Foreign investment in China fell dramatically last year as the world’s second-largest economy by nominal GDP embarked on sweeping reforms and regulations spanning multiple sectors, with a focus on the technology sector. The tech sector in China, like the United States, is home to some of the largest and fastest growing companies, but a steady hammering of Chinese government reforms starting last summer has caused an exponential increase in regulatory risk for the sector and pushed some of the foreign investors away.

That regulatory risk is supposed to have ended, Ahern believes, and the government has shifted to a policy of monetary easing and support while the government battles a slowing economy. The perception of risk, however, coupled with the geopolitical events surrounding Russia, has led to a schism in how the western world views China versus the perception within its borders.

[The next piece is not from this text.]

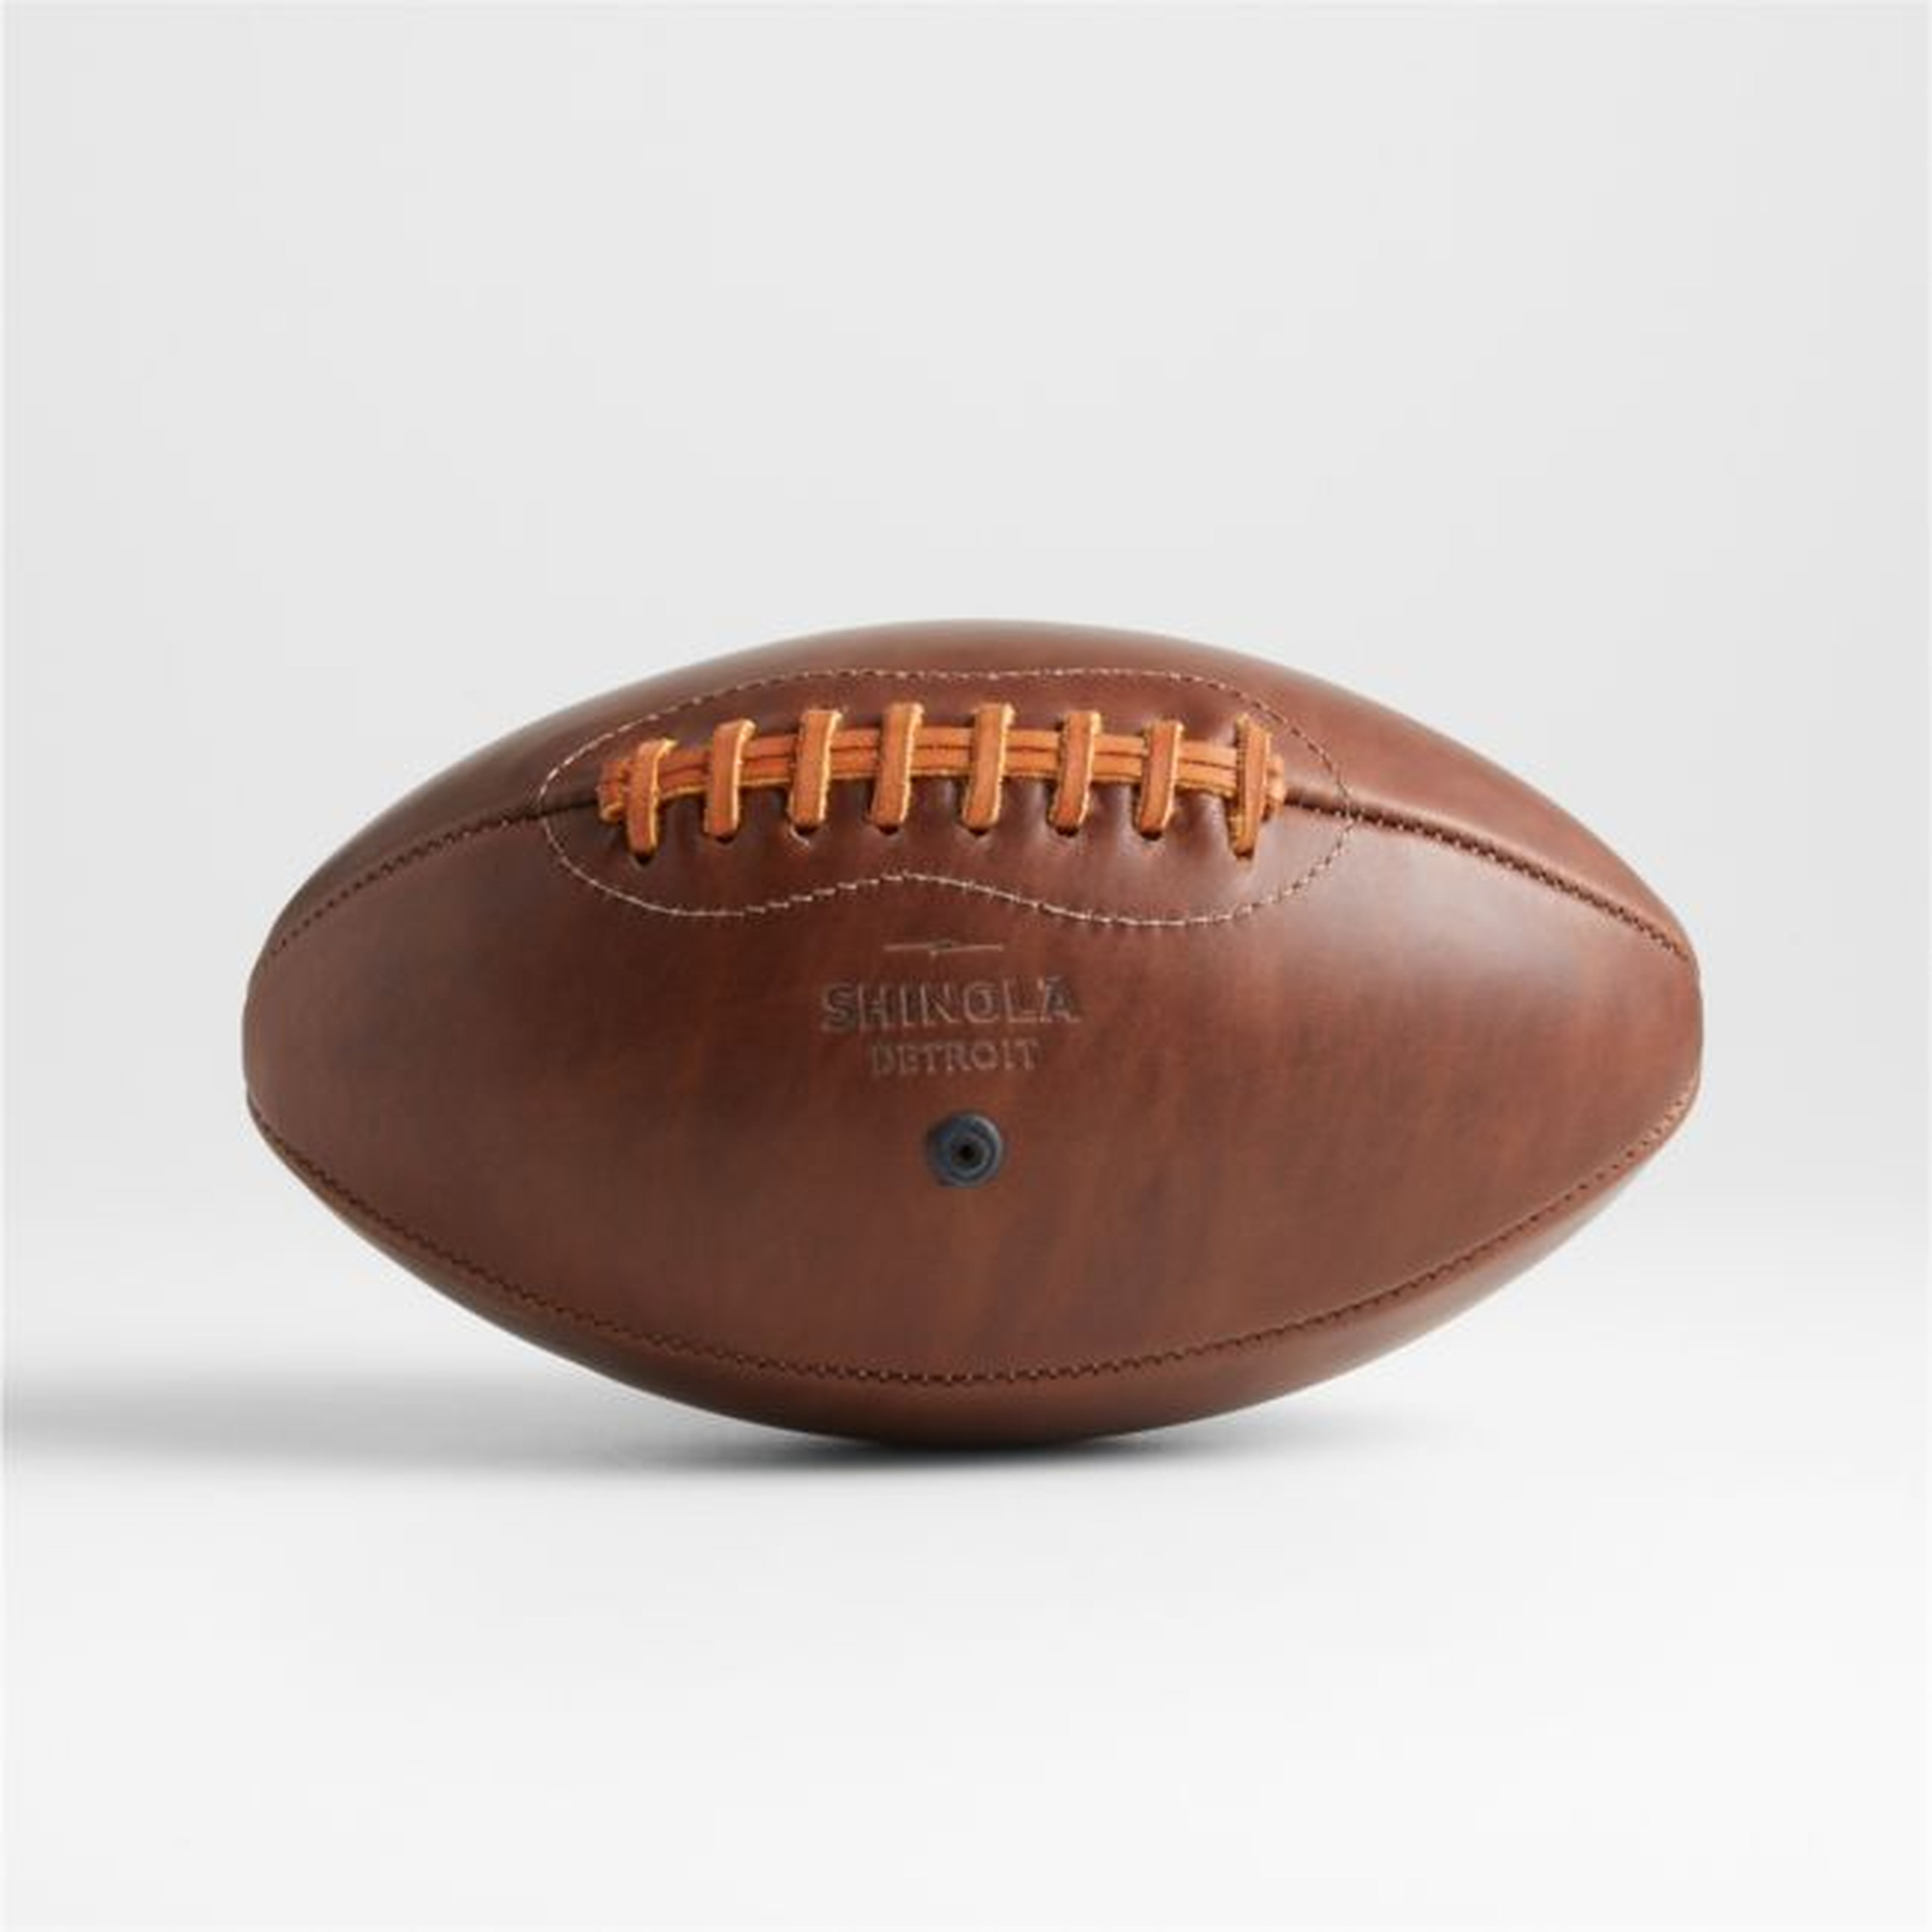 Shinola Leather Football - Crate and Barrel

Ahern explained that there is “this disparity between what foreigners think of China and what people in China think of China, and the Chinese are historically much less pessimistic. And it’s not that they don’t have access to Western media, which is this kind of constant negative media barrage; it’s more, they just don’t buy into it, that they would say the things that really matter are government policy.

The real estate sector is fighting for rapid government aid

The collapse of real estate development giant Evergrande last year continues to have ripple effects on China’s real estate sector and has prompted targeted government support to ensure that partially completed construction projects that have been abandoned for months will be completed. . The real estate support from China’s central banks is part of the broader economic support happening across the economy as the government seeks to stimulate an economy still battling the impacts of COVID.

“China is in an easing cycle. They reduced the prime loan rate. They reduced the rate of intra-bank loans. They’re slowing down because they recognize the economy needs support, and that’s a big tailwind for investors,” Ahern explained.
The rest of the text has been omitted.